BRIEF DESCRIPTION OF THE DRAWING

A complete understanding of the present invention may be gained by considering the following detailed description in conjunction with the accompanying drawing, in which:

FIG. 1 shows a block diagram of an embodiment of the present invention for detecting whether a telephone signal is one that is produced by a voice;

FIG. 2 shows a block diagram of a preferred embodiment of the present invention for detecting whether a telephone signal is one that is produced by a voice, which embodiment is fabricated utilizing a digital signal processor (DSP) and a microprocessor;

FIG. 3A-3D show a flow chart of a microprocessor program which forms part of the preferred embodiment shown in FIG. 2; and

FIG. 4 shows a block diagram of another embodiment of the present invention for detecting whether a telephone signal is one that is produced by a voice.

DETAILED DESCRIPTION

FIG. 1 shows a block diagram of voice detector 1000 which is fabricated in accordance with the present invention. As shown in FIG. 1, telephone signal 1010 from a telephone network is applied as input to energy detector 1020. For telephone signal 1010, for a predetermined length of time, energy detector 1020 determines: (a) a measure of the total energy; (b) a measure of the energy and frequency of the two largest energy peaks in the frequency spectrum; and (c) a measure of the signal-to-noise ratio (SNR)--the predetermined length of time is referred to as a frame and a further definition of the term frame will be set forth in detail below. Then, energy detector 1020 transmits these measures to controller means 1040.

Controller means 1040 receives the measures, stores them in storage means 1030, and increments a frame counter and stores the value of the counter in storage means 1030. Next, controller means 1040 determines whether enough energy is present in the frame for the signal to possibly be voice by comparing the measure of total energy of the frame obtained from storage means 1030 with a threshold. If the measure of total energy is greater than or equal to the threshold, controller means 1040 increments a counter which counts the number of consecutive frames having a measure of energy at least equal to the threshold and stores the value of the counter in storage means 1030. Next, whenever the count is greater than 1, controller means 1040 increments a further counter and stores the value of that counter in storage means 1030. Next, controller increments running sums of the measures of total energy, frequency of the largest energy peak in the frame, and SNR and stores these sums in storage means 1030. Next, controller means 1040 sends a signal to ring-frequency detector 1050. Ring-frequency detector 1050, responsive to the measures of frequency of the two largest energy peaks obtained from storage means 1030, determines whether the signal received during the frame could be a result of a ringing signal. If so, ring-frequency detector 1050 increments a count of such frames (ring counter) and stores the ring count in storage means 1030. Then, ring-frequency detector 1050 transfers control back to controller means 1040. Next, controller means 1040 sends a signal to local energy maximum detector 1060. Local energy maximum detector 1060, responsive to measures of total energy for several frames obtained from storage means 1030, determines whether there is a local energy maximum. If so, a counter is incremented and stored in storage means 1030. Then, local energy maximum detector 1060 transfers control back to controller means 1040.

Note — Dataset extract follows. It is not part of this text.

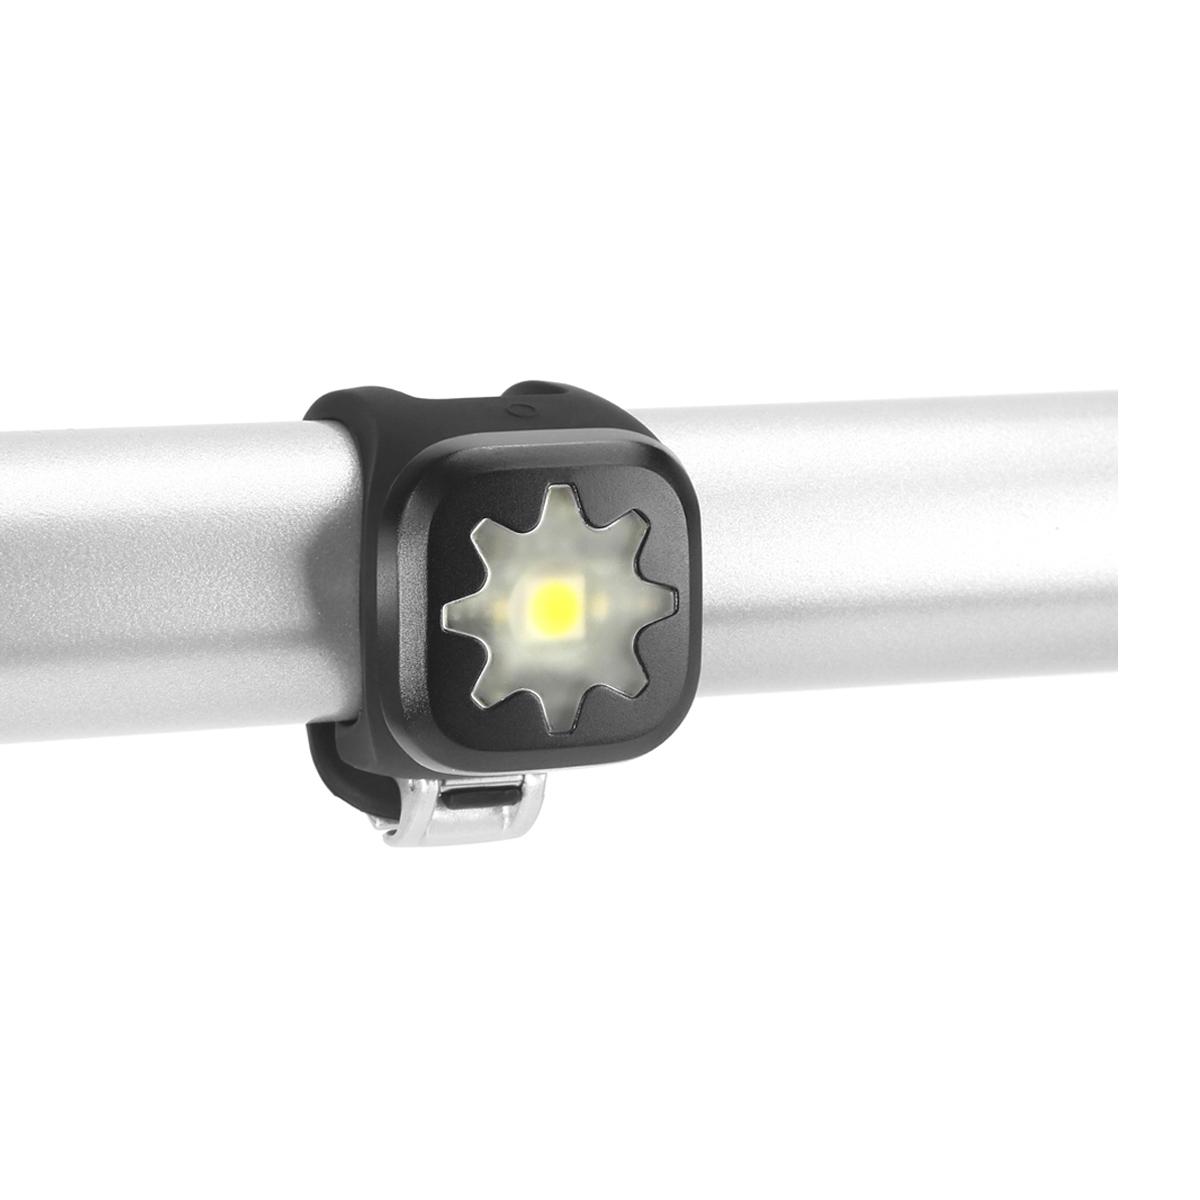 Éclairage arrière Knog Blinder étoile 1 LED - Or

Next, controller means 1040 examines the frame counter to determine whether a predetermined number of frames corresponding to a window has been received. If so, controller means 1040 transmits a signal to ringback detector 1070. Ringback detector 1070 obtains ring counter and other information from storage means 1030 and determines whether the signal received during the window was produced by ringback. If so, ringback detector 1070 transmits a signal to adaptor 1080. If not, ringback detector 1070 transmits a signal to voice analyzer 1090. Adaptor 1080 updates adaptive parameters which are utilized in voice analyzer 1090 to detect voice; as described in detail below, three adaptive parameters are updated which define a minimum sum of total energy for a window and a minimum and maximum sum of SNR for a window. If voice analyzer 1090 determines that the telephone signal was produced by a voice, it generates signal 1100.

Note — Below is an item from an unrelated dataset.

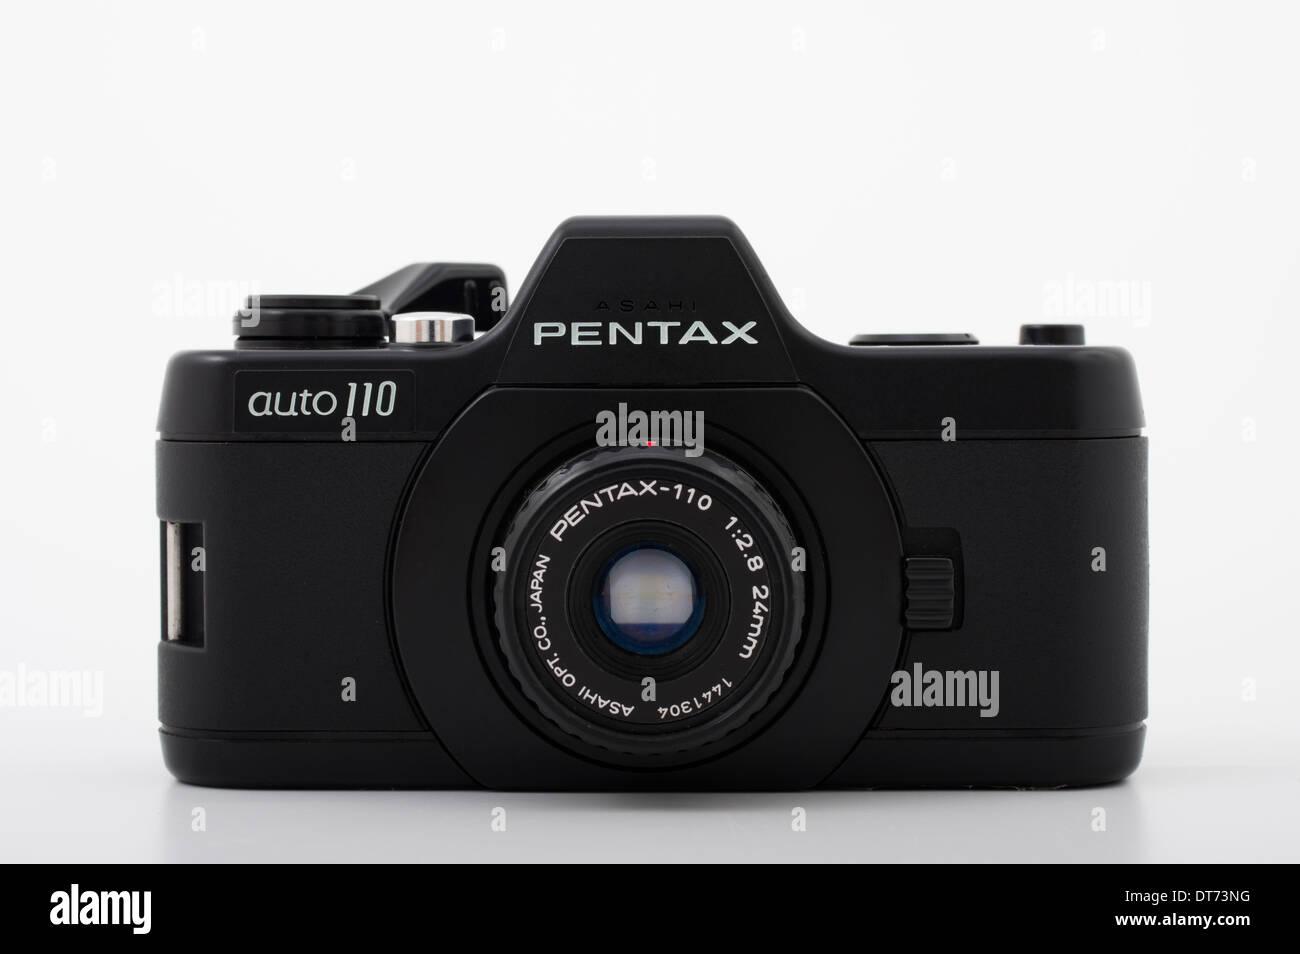 Pentax auto 110 Videocamera SLR utilizzando compact 110 film Immagini Stock

In accordance with the present invention, the signal is considered to have been produced by a voice if the following conditions are all true:

1. the running sum of the frequency of the largest energy peak over the window is less than a maximum sum allowable for a voice (this test advantageously eliminates noise);

2. either the running sum of SNR over the window is greater than an adaptively determined minimum SNR for voice or the running sum of total energy over the window is greater than the minimum allowable ring energy/32 (this test advantageously eliminates most ringback signals and provides detection of a voice signal having low SNR with energy which is too high to be characterized as noise);

3. the running sum of SNR over the window is less than an adaptively determined maximum SNR for voice;

4. either the count of local maxima in the window is less than a predetermined maximum number of such local maxima or the count of ring-like frames in the window is less than a predetermined maximum number of such frames per window (this test further eliminates ringback signals by utilizing the fact that ringback exhibits several energy maxima per frame, unlike voice which typically has from zero to 2 energy maxima per frame, and by counting the number of ring-like frames, which frames are ring-like because of the measured frequencies);

5. either the count of ring-like frames is less than the predetermined maximum number of such frames per window or the running sum of SNR over the window is less than the adaptively determined maximum SNR for voice divided by 4 (this test prevents elimination of a window wherein several frames have ring frequency but wherein the SNR is much lower than a typical ring SNR); and

6. the running sum of SNR over the window is less than the running sum of total energy over the window divided by 4 (this test focuses on low energy signals where I have determined that SNR is an unreliable discriminator and requires that the energy must be spread out to a predetermined degree over several frequency bins for voice.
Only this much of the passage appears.